Alibaba Group mulls acquisition of Korean online retailer 11Street

2023.09.15 11:00:02 | 2023.09.15 13:05:02

[Courtesy of 11Street]이미지 확대

[Courtesy of 11Street]



Alibaba Group is reportedly in the process of pursuing the acquisition of 11Street Co., a South Korean e-commerce platform - a deal that could provide the Chinese e-commerce giant a stable foothold to rival local dominant players following its successful penetration into the Korean Jikgu (direct purchase from an overseas online marketplace) market via AliExpress. SK square, the largest shareholder of 11Street, is actively negotiating with Alibaba as the deadline for an exit promised by 11Street to its financial investors approaches.

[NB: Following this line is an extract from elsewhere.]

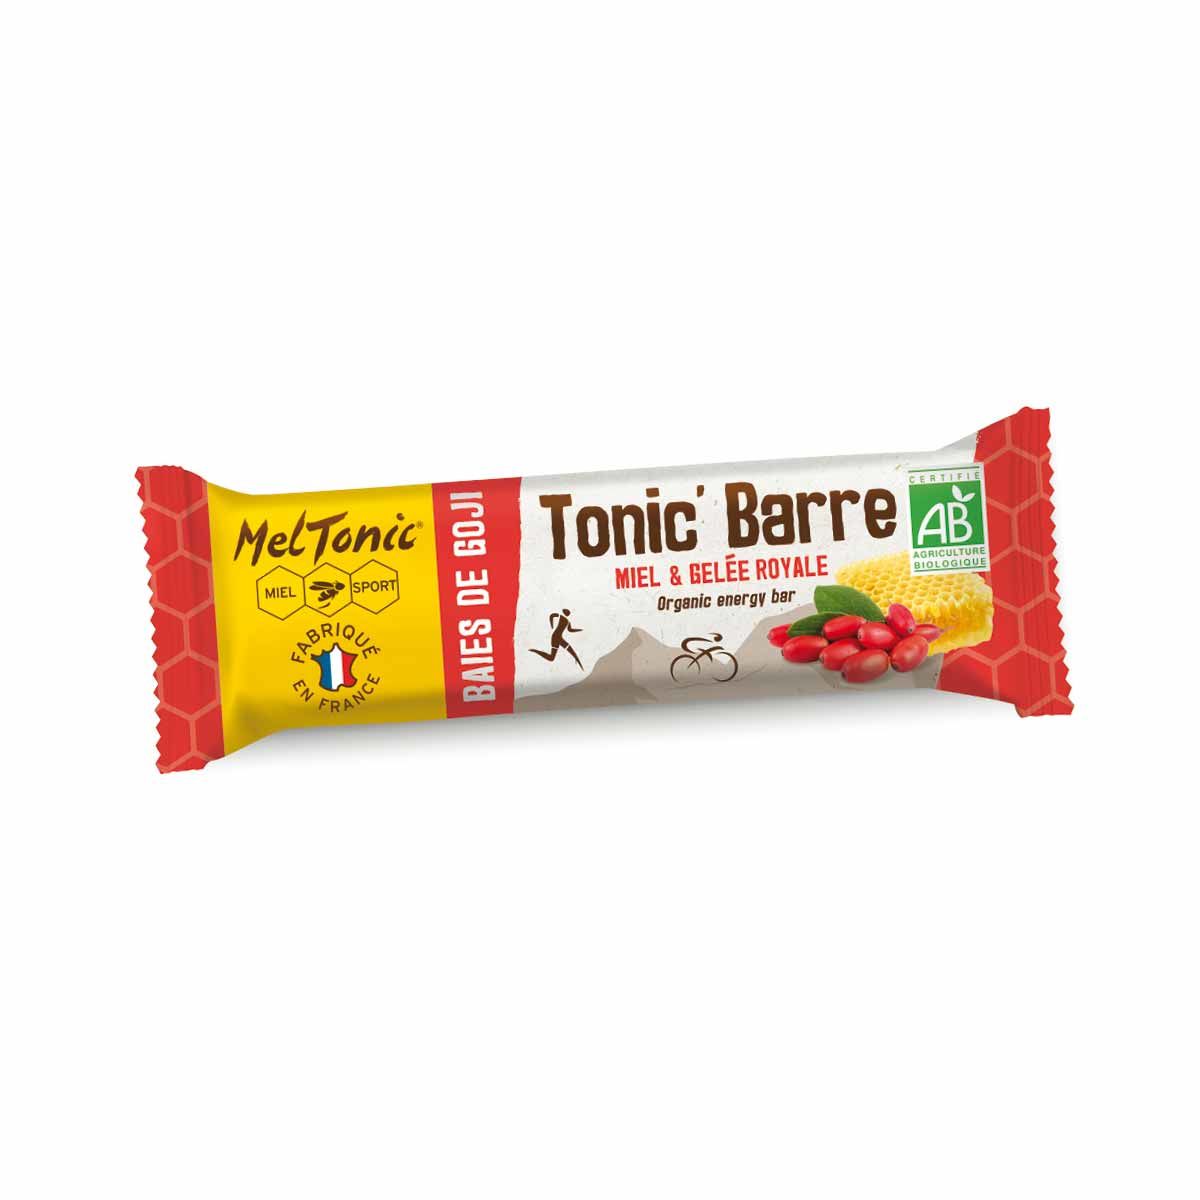 Meltonic organic energy bar - Honey and goji berries

According to sources on Thursday, SK square is considering selling 11Street to Alibaba. Foreign strategic investors (SI), including Q10 and Amazon, which initially showed interest in the acquisition, have reportedly stepped away from the negotiating table. Alibaba is now the sole candidate and is continuing negotiations with SK square after proposing a price, and SK square has also allowed Alibaba to conduct due diligence on 11Street.

Alibaba is a large e-commerce operator with a market capitalization of about 300 trillion won ($230 million) on the New York Stock Exchange. It recorded around 157 trillion won in revenue last year, making it the second-highest revenue earner among Chinese online retailers behind JD.com. Alibaba already dominates the Korean market, with Alibaba Group and AliExpress heading the Jikgu orders list in 2020 followed by Taobao, according to Korea Customs Service, and the companies’ combined market share topped 43 percent.

According to statistics from the Korea National Statistical Office, the online shopping transaction volume in Korea exceeded 206 trillion won last year, up over 10 percent compared to the previous year. Korean e-commerce players Coupang and Naver collectively control nearly half of the market share in this market, with Coupang holding a 21.8 percent share and Naver a 20.3 percent share in the first quarter of this year. In contrast, 11Street, which has fewer loyal customers compared to its domestic rivals, recorded a market share of around 7 percent.

Another variable in the completion of the deal is the price. 11Street was valued at around 2.7 trillion won in 2018, when it was attracting FI investments, but the estimated corporate value has since dropped to around 1 trillion won. While SK square could incur some losses if the deal is concluded at or around the industry-estimated price, there are doubts in the market as to whether Alibaba is willing to pay even 1 trillion won. But as 11Street previously promised it would list by the end of September to attract 500 billion won in investments from the National Pension Service, Central Saemaul Geumgo, and private equity fund operator H&Q Korea, there is speculation that SK square could accept a broader range of Alibaba offers.

If the requirement is not met, the FIs can demand that SK square buy back their shares at an internal rate of return (IRR) of about 8 percent from the end of 2023. They can also exercise their drag-along rights to force the majority shareholder to sell its shares together starting next month. While the FIs are reportedly not considering extending their fund maturity, there could be a possibility of reviewing the timing for the exercise of drag-along rights if negotiations between SK square and Alibaba make meaningful progress.